Carlos Bolsonaro, filho 03, detonou a ajuda de R$ 600 aos trabalhadores informais pelo Congresso com o suposto endosso do governo, sublimando ideologicamente a ganância no Twitter: “O desenho é claro: partimos para o socialismo. Todos dependentes do estado até para comer, grandes empresas vão embora e o pequeno investidor não existe mais. Conseguem a passos largos fazer o que tentam desde antes de 1964…”.
Por sua vez, Alexandre Guerra, herdeiro e administrador da rede de lanchonetes Girafas, expressou assim a sua indignação com a restrição ao funcionamento do varejo: “O que a gente faz com as pessoas? A gente está pagando salário de qualquer forma. Você consegue se sustentar 90 dias sem faturamento? Você que está em casa já pensou que, ao invés de ficar com medo de pegar o vírus, deveria ficar com medo de perder o seu emprego?”. Seu pai, Carlos Guerra, dono da rede, o demitiu.

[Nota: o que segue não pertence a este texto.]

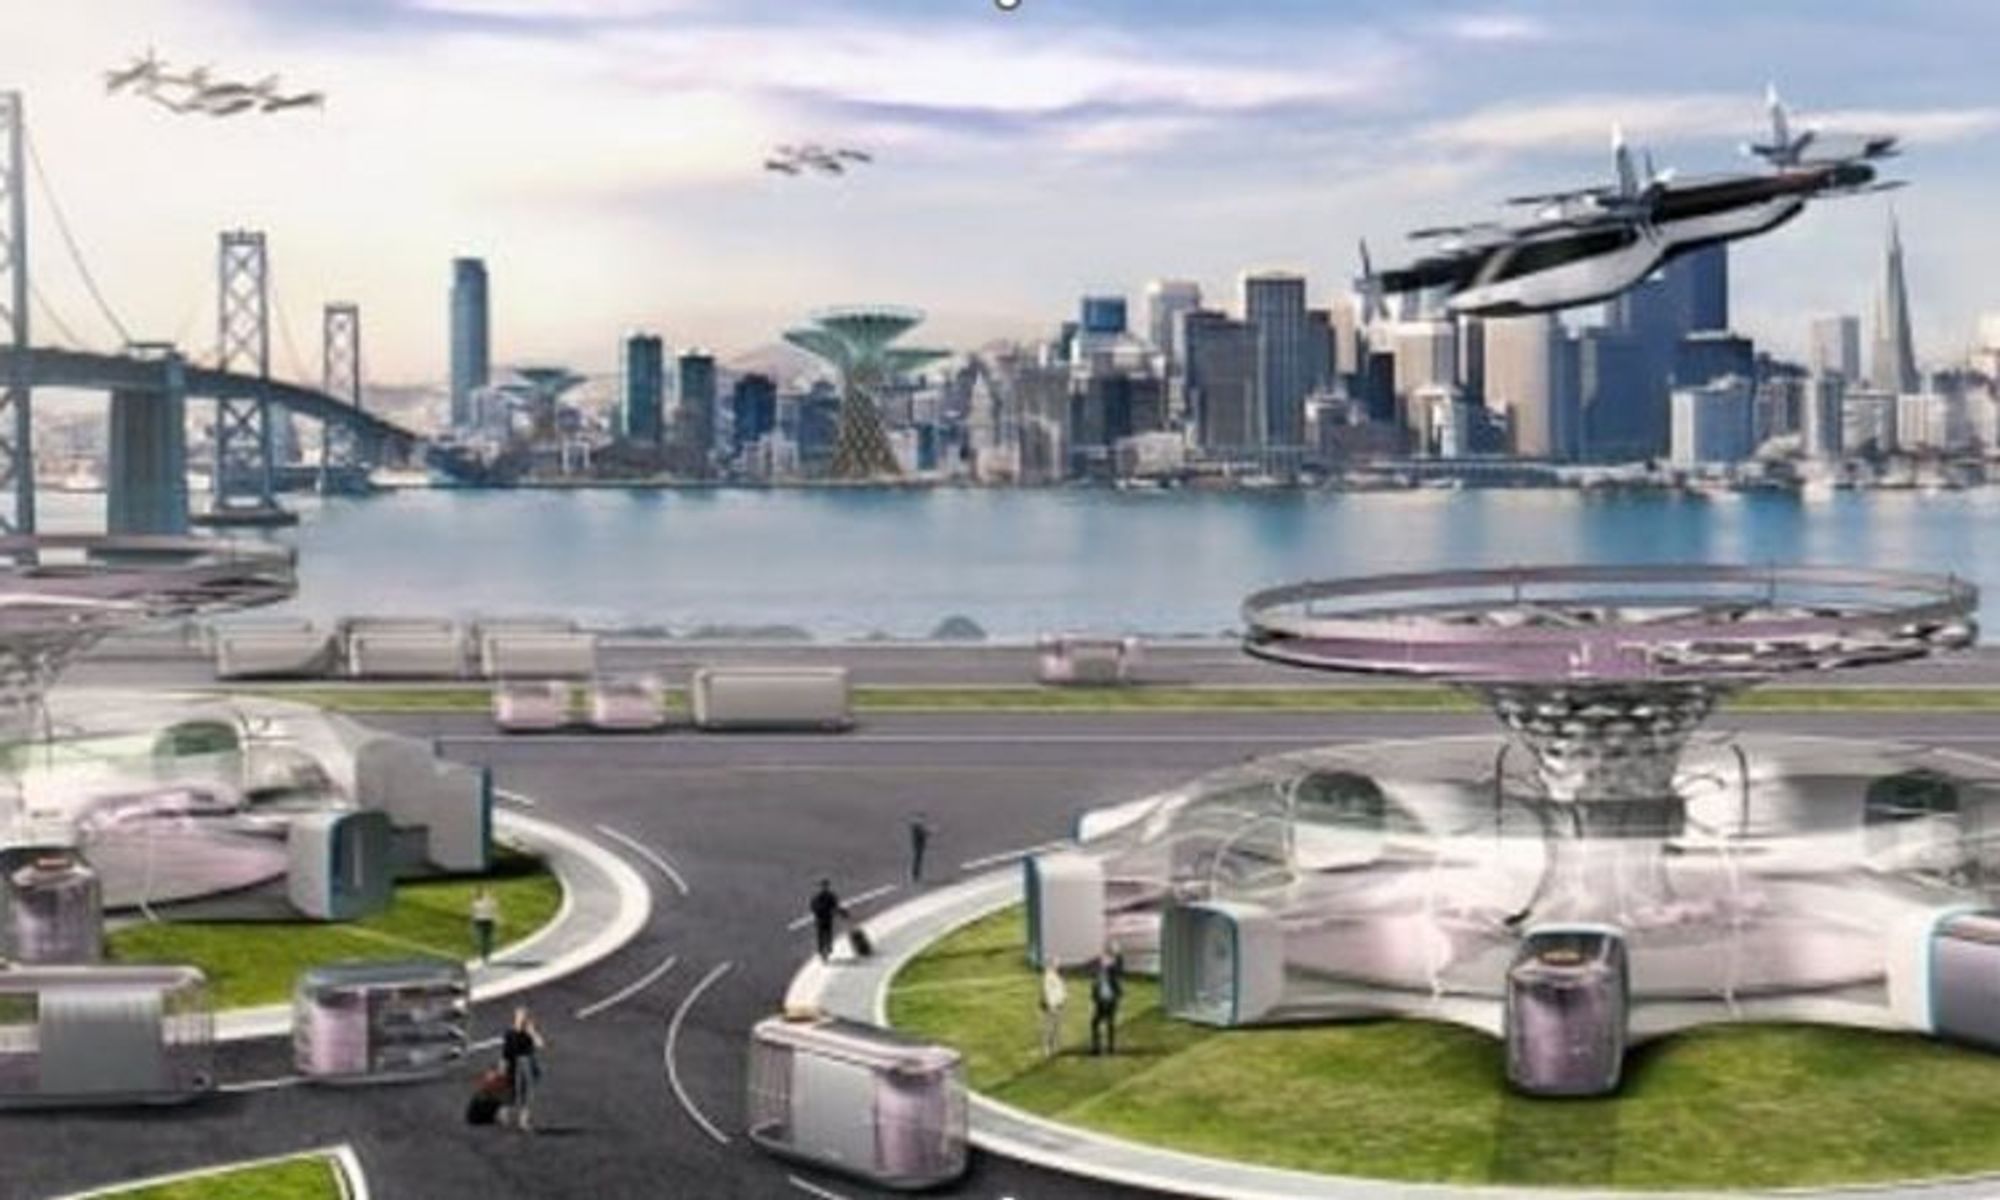 "Three-way race set for Korea's flying car commercialization in 2025" - Korea Herald - Urban Air Mobility News

Com a fortuna que tem, Hang poderia manter todos as seus funcionários e os seus salários por alguns meses, mas pressiona o seu presidente contra a política de isolamento, indispensável para o funcionamento dos serviços de saúde e para conter o número de vítimas. Se a atitude cínica de Dursky prevalecer, os mortos poderão chegar às centenas de milhares. Provavelmente, Carlos prefere ver montanhas de cadáveres insepultos a aceitar a ideia de que o orçamento público sirva ao público ao menos num momento de desespero.
Alexandre poderia infectar milhares de funcionários e clientes, em vez de adaptar o seu negócio à crise para manter empregos e reduzir o seu prejuízo, mas ainda bem que o seu pai serve a outro Senhor. Ao punir o próprio filho, ensinou que a solidariedade tem que estar acima da ganância num momento dramático como este.

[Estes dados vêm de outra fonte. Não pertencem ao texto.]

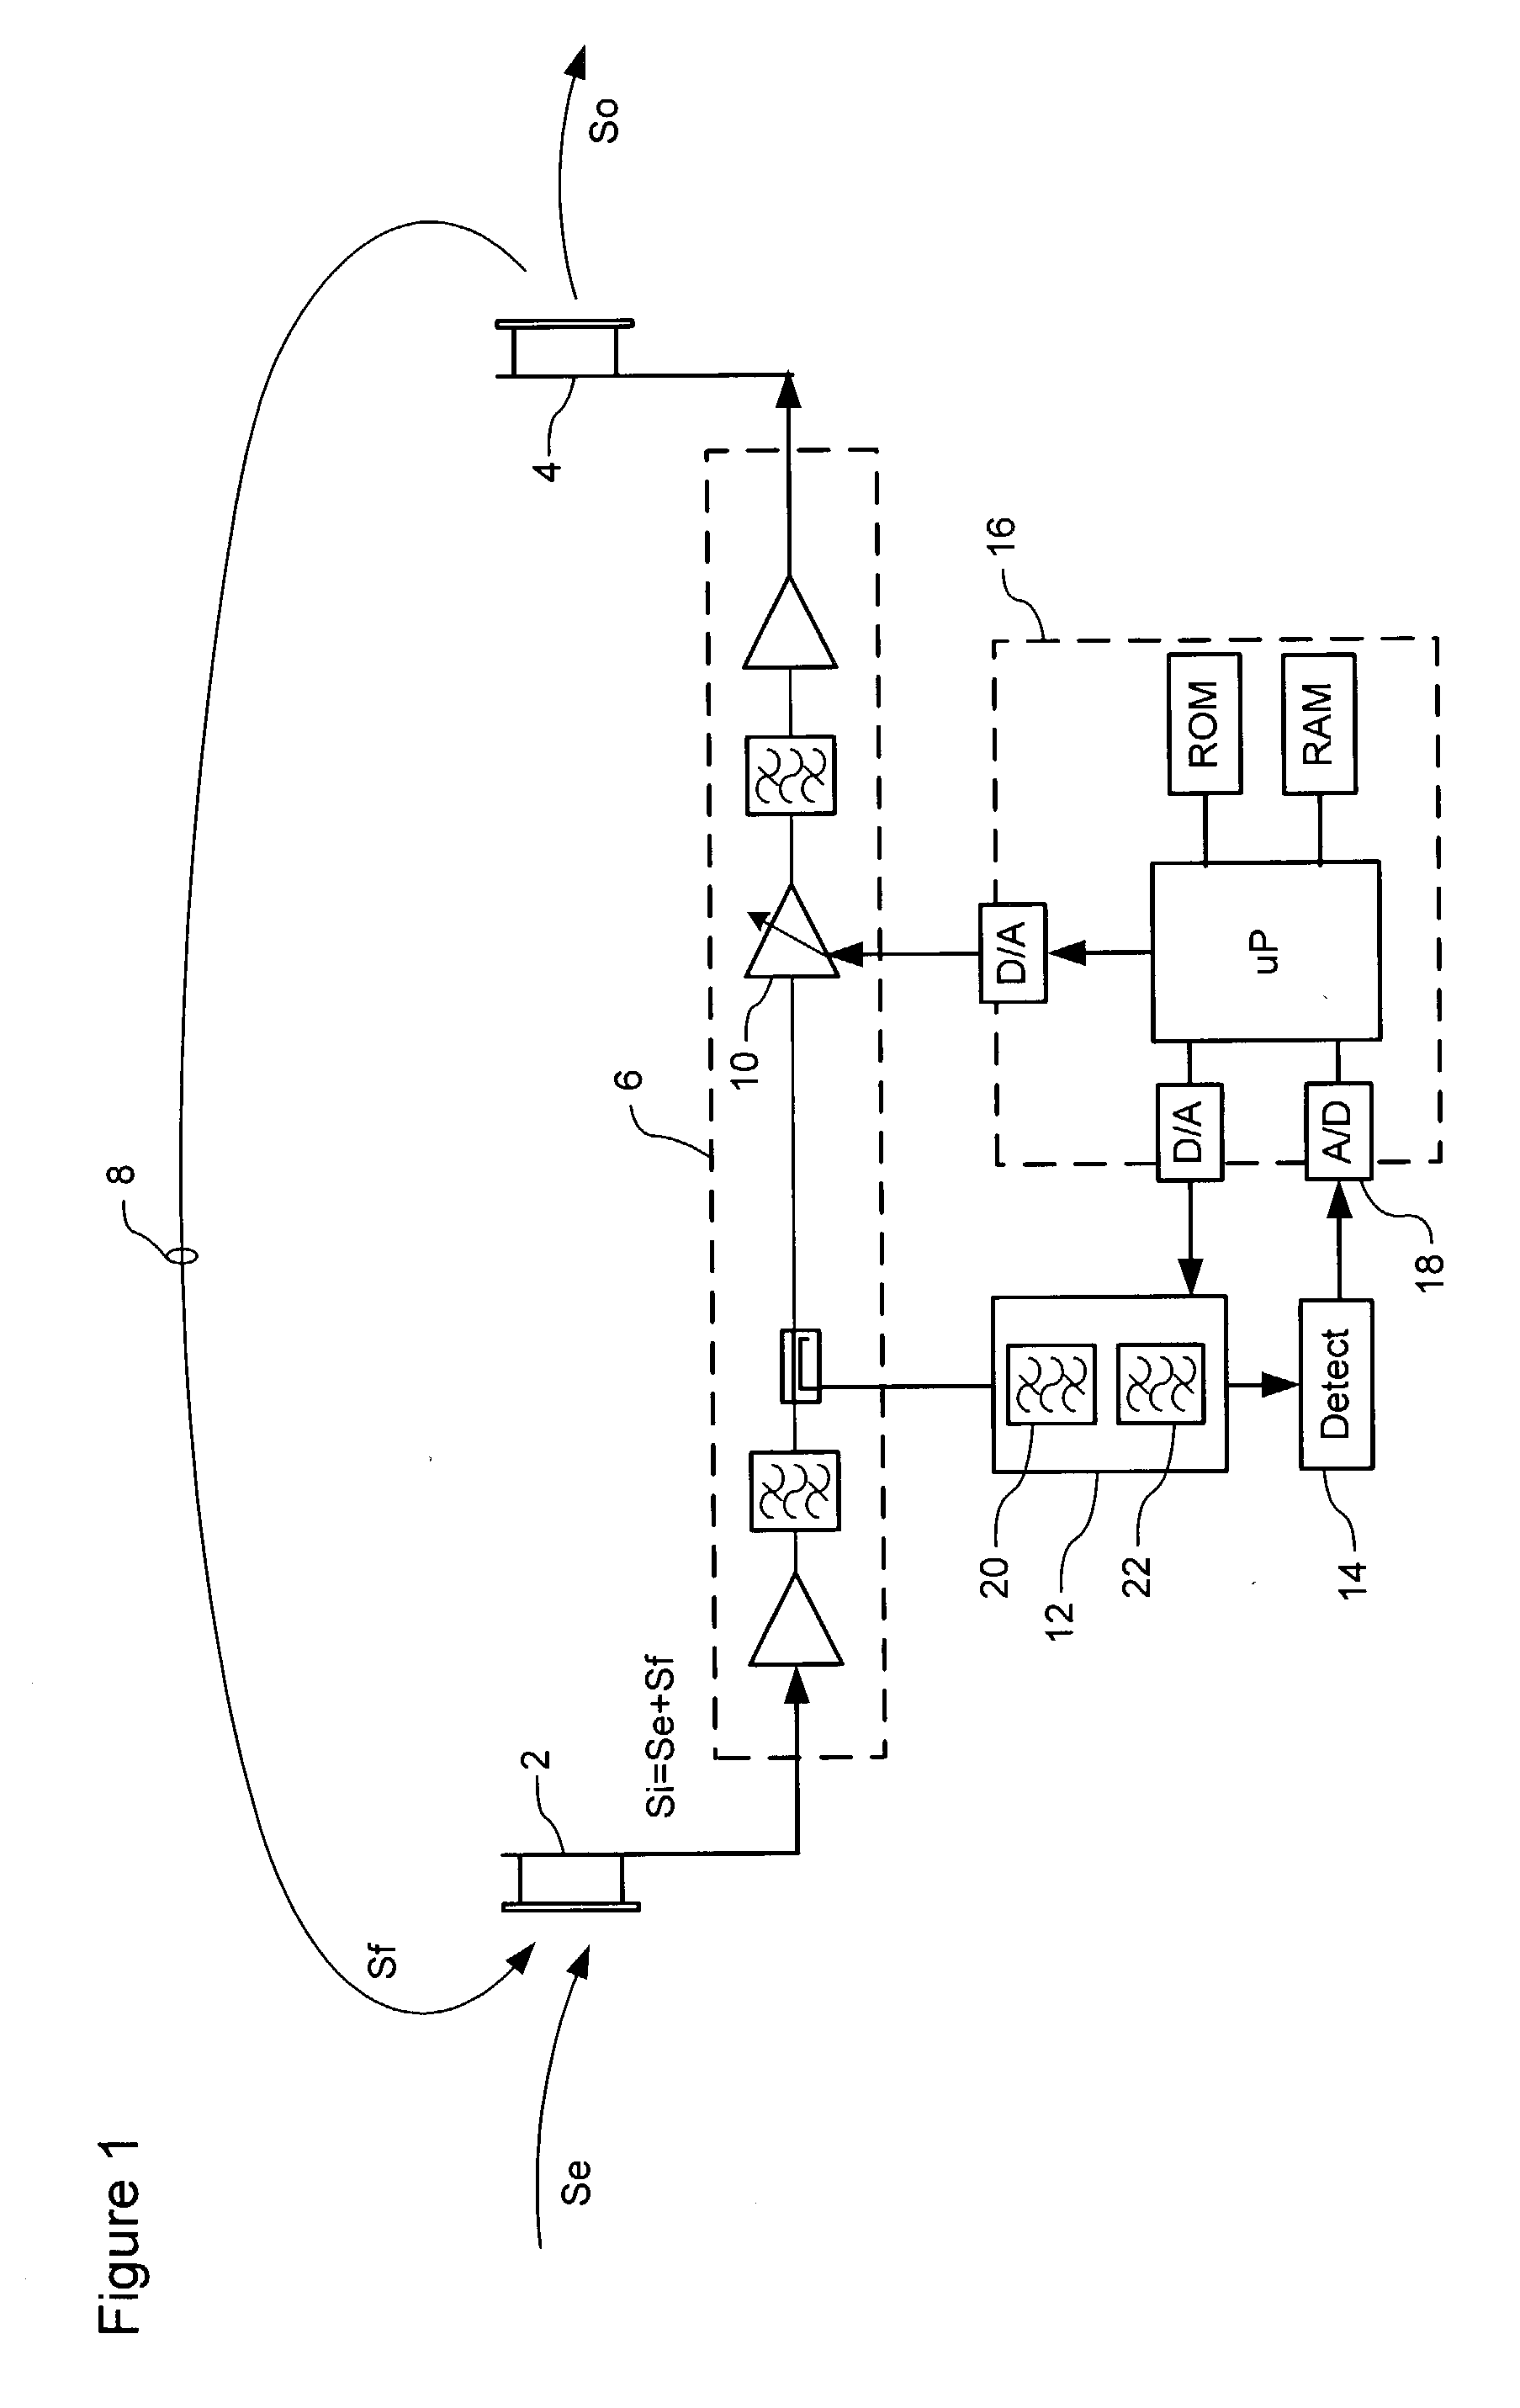 Monitoring stability of an on-frequency repeater

E aí, nessa outra banda – generosa – do caráter brasileiro, temos visto inúmeros exemplos de solidariedade se destacarem das agruras da crise. A começar pelo papel heróico e exemplar dos epidemiologistas e profissionais de saúde em geral, que representam todos os nossos corações no front principal dessa guerra. Mas também é hora de enaltecer a maioria do nosso povo que, apesar do nosso presidente, compreendeu e adotou o isolamento como única tática eficaz para essa guerra.

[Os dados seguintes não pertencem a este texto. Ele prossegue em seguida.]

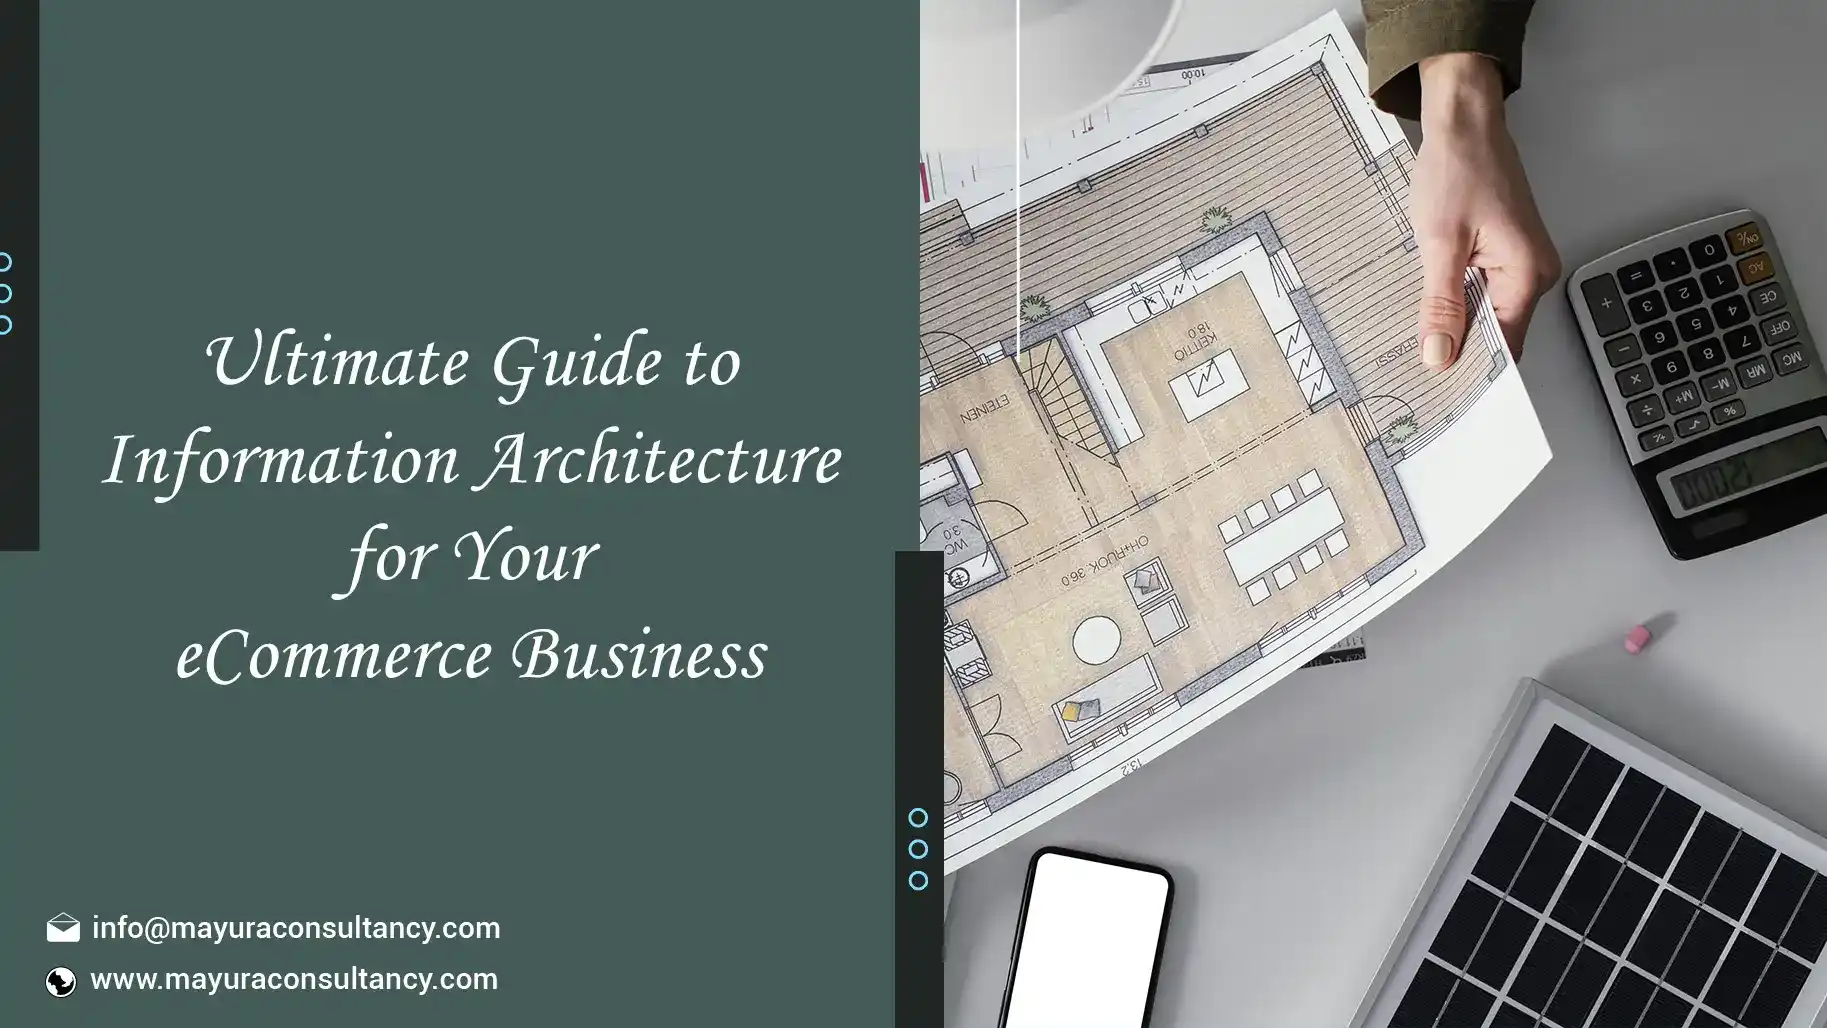 A Guide to Information Architecture for Your Ecommerce Business

Vamos falar da solidariedade concreta com aqueles que estão impedidos, pelas circunstâncias, de obterem sua renda, seja pela atitude de cada um em relação a quem o circunda, seja pelo apoio a medidas dos governos para colocar dinheiro na mão de quem mais precisa. Isso não é comunismo, nem de dependência; trata-se de emergência. É acolhimento – e não exclusão – o que mais precisamos no momento.
O trabalho dos jornalistas e demais profissionais e redes de comunicação tem sido vital para informar as pessoas sobre riscos, cuidados e evolução da epidemia, sobre atos de solidariedade de outras pessoas e sobre as políticas em curso, permitindo que elas exerçam a sua cidadania mesmo em condições de isolamento físico.
A solidariedade é a essência da atitude dos artistas que cantam nas janelas, dos amores que persistem mesmo à distância, das mães e pais que estão por conta dos filhos e lhes ensinam sobre a situação inédita que vivemos. Conduz, também, os que fabricam máscaras, que fazem vaquinha para ajudar quem precisa, que batem panelas para expressar sua posição política sem contaminar ninguém e os que cuidam dos seus velhos, ameaçados de extinção pelos que não aceitam o encolhimento temporário da economia para preservar vidas. A solidariedade une as pessoas pelos corações.
Que a solidariedade siga sendo a marca mais forte da nossa atitude como povo. Vamos sair dessa crise decididos a fazer diferença para vivermos melhor em sociedade, numa homenagem à altura dos que não sobreviverão.